0x00005555556e26ff in tupledealloc (op=0x7ffd5a4113f0) at /tmp/build/80754af9/python_1553721932202/work/Objects/tupleobject.c:242
242     in /tmp/build/80754af9/python_1553721932202/work/Objects/tupleobject.c
(gdb) bt
#0  0x00005555556e26ff in tupledealloc (op=0x7ffd5a4113f0) at /tmp/build/80754af9/python_1553721932202/work/Objects/tupleobject.c:242
#1  code_dealloc () at /tmp/build/80754af9/python_1553721932202/work/Objects/codeobject.c:446
#2  0x00005555556e1448 in func_dealloc () at /tmp/build/80754af9/python_1553721932202/work/Objects/funcobject.c:532
#3  0x00007ffd5c0e86d1 in std::function<void (_object*)>::operator()(_object*) const (__args#0=<optimized out>, this=<optimized out>) at /usr/include/c++/7/bits/std_function.h:706
#4  std::unique_ptr<_object, std::function<void (_object*)> >::~unique_ptr() (this=0x7ffd5d029188 <onnxruntime::language_interop_ops::torch::OrtTorchFunctionPool::GetInstance()::instance_+40>,
    __in_chrg=<optimized out>) at /usr/include/c++/7/bits/unique_ptr.h:263
#5  onnxruntime::language_interop_ops::torch::OrtTorchFunctionPool::~OrtTorchFunctionPool (this=0x7ffd5d029160 <onnxruntime::language_interop_ops::torch::OrtTorchFunctionPool::GetInstance()::instance_>,
    __in_chrg=<optimized out>) at /home/pengwa/dev/onnxruntime/onnxruntime/core/language_interop_ops/torch/custom_function_register.h:16
#6  0x00007ffff7706161 in __run_exit_handlers (status=0, listp=0x7ffff7aae718 <__exit_funcs>, run_list_atexit=run_list_atexit@entry=true, run_dtors=run_dtors@entry=true) at exit.c:108
#7  0x00007ffff770625a in __GI_exit (status=<optimized out>) at exit.c:139
#8  0x0000555555776a19 in Py_Exit (sts=0) at /tmp/build/80754af9/python_1553721932202/work/Python/pylifecycle.c:2282
#9  0x0000555555776ac7 in handle_system_exit () at /tmp/build/80754af9/python_1553721932202/work/Python/pythonrun.c:636
#10 0x0000555555776b62 in PyErr_PrintEx () at /tmp/build/80754af9/python_1553721932202/work/Python/pythonrun.c:646
#11 0x0000555555649869 in PyRun_SimpleFileExFlags (fp=<optimized out>, filename=<optimized out>, closeit=<optimized out>, flags=0x7fffffff4ce0)
    at /tmp/build/80754af9/python_1553721932202/work/Python/pythonrun.c:435
#12 0x000055555578ee5f in pymain_run_file (p_cf=0x7fffffff4ce0, filename=0x5555558c5920 L"/opt/conda/bin/ninja", fp=0x55555da35300) at /tmp/build/80754af9/python_1553721932202/work/Modules/main.c:427
#13 pymain_run_filename (cf=0x7fffffff4ce0, pymain=0x7fffffff4df0) at /tmp/build/80754af9/python_1553721932202/work/Modules/main.c:1627
#14 pymain_run_python (pymain=0x7fffffff4df0) at /tmp/build/80754af9/python_1553721932202/work/Modules/main.c:2877
#15 pymain_main () at /tmp/build/80754af9/python_1553721932202/work/Modules/main.c:3038
#16 0x000055555578ef7c in _Py_UnixMain () at /tmp/build/80754af9/python_1553721932202/work/Modules/main.c:3073
#17 0x00007ffff76e4bf7 in __libc_start_main (main=0x55555564aed0 <main>, argc=3, argv=0x7fffffff4f48, init=<optimized out>, fini=<optimized out>, rtld_fini=<optimized out>, stack_end=0x7fffffff4f38)
    at ../csu/libc-start.c:310
#18 0x0000555555734122 in _start () at ../sysdeps/x86_64/elf/start.S:103

The reason is, singleton static instance of OrtTorchFunctionPool is destroyed after Python modules/functions are released.
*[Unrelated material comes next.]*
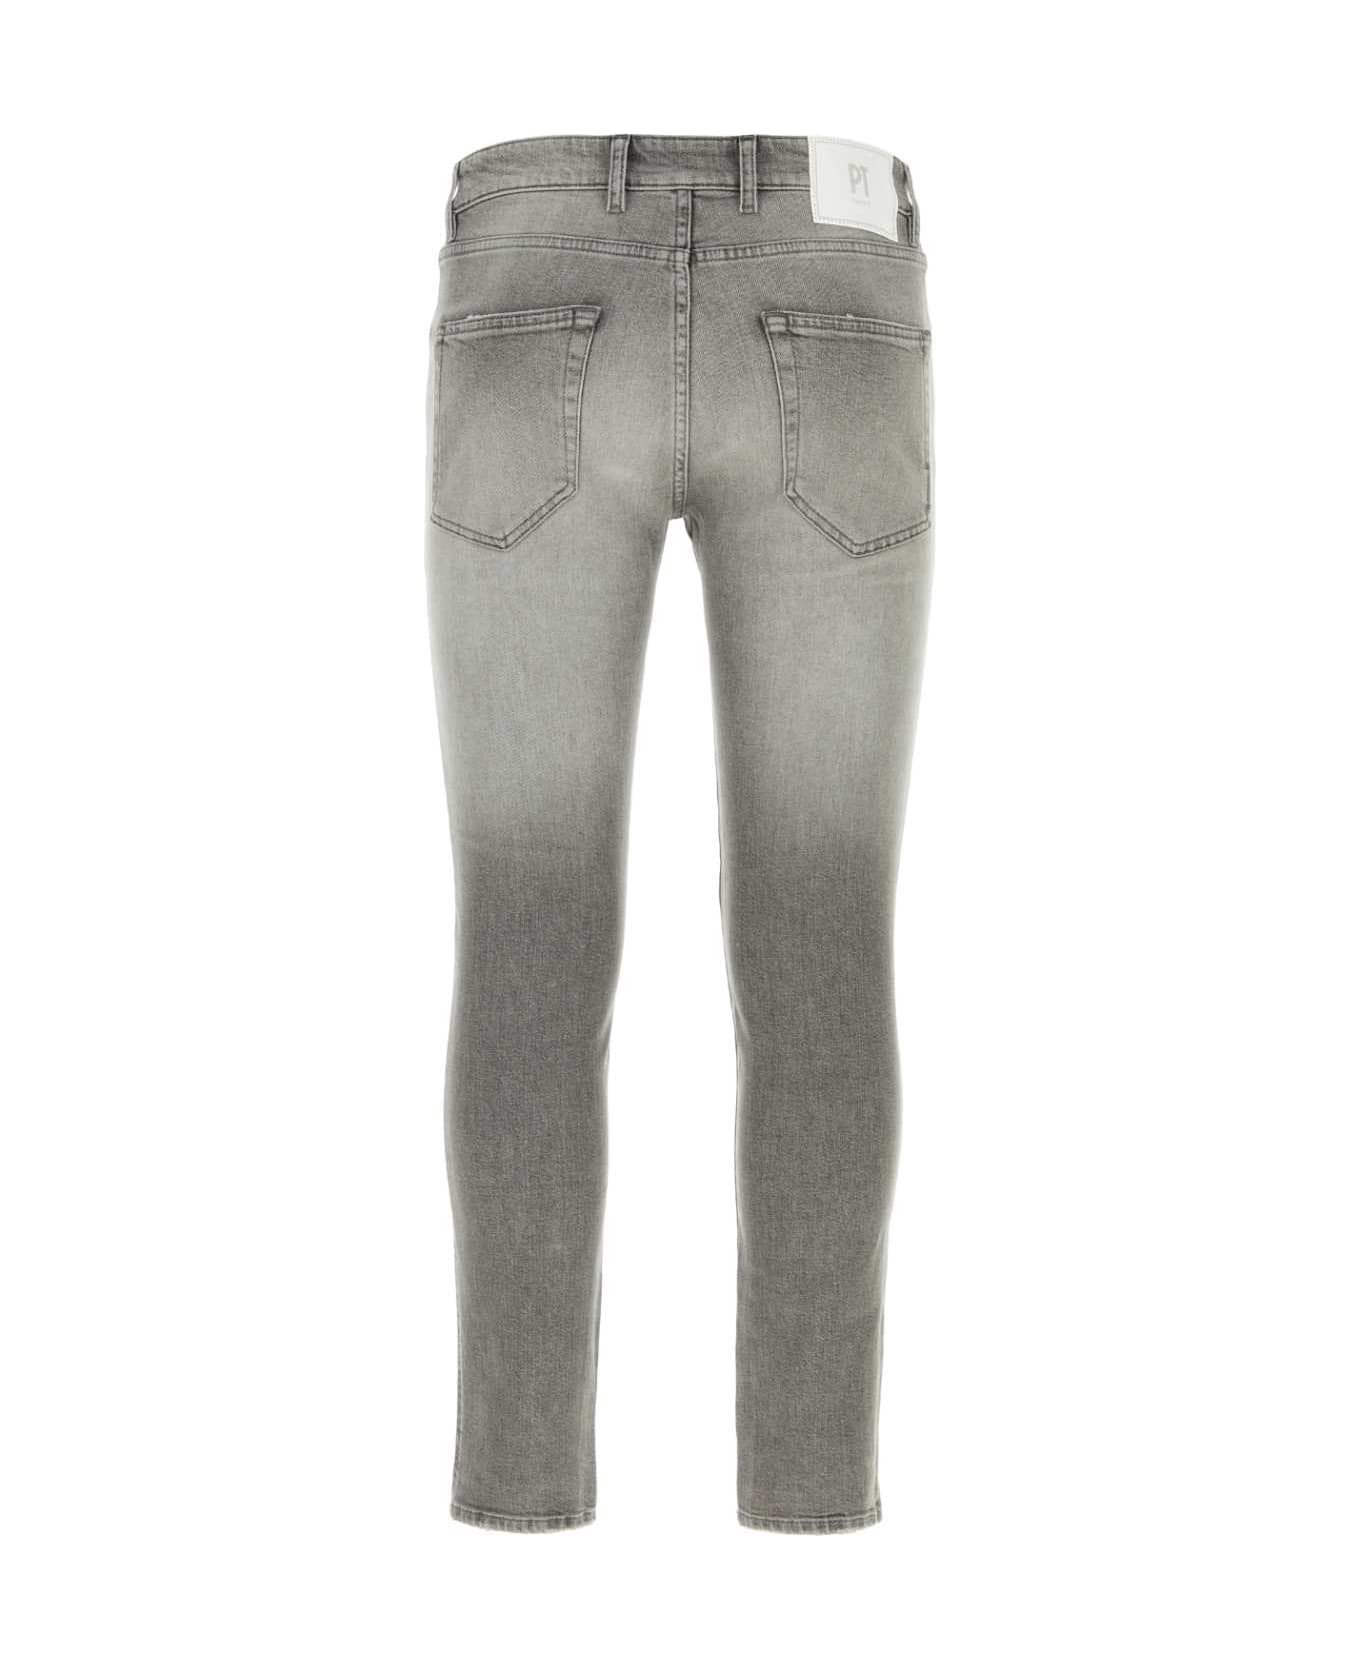 PT01 Grey Denim Jeans - GRIGIOCHIARO

There are two ways to fix it.

UnRegister the python functions explicitly in some C++ class destructor for example ~TrainingAgent/~InferenceSessions or python module cleanup functions (https://docs.python.org/3/library/atexit.html). This will make sure all registered functions are still valid when we de-reference them.
Let OrtTorchFunctionPool don't own references on python functions, used borrowed ones only, so it does not need de-reference them during destructor. But there is a problem handling the forward(.apply) and backward(.backward) functions. When we register them, we only have a autograd Function's pointer, we need get the pointers of .apply and .backward and increase ref cnt for them, otherwise, the ref count is 0. So we still have to de-reference them in ~OrtTorchFunctionPool, then we still have the segment fault prblem.

This PR is the a fix following the 1st approach. Please ignore the first and second commits (approach 2 and revert changes).

Motivation and Context

Why is this change required? What problem does it solve?
If it fixes an open issue, please link to the issue here.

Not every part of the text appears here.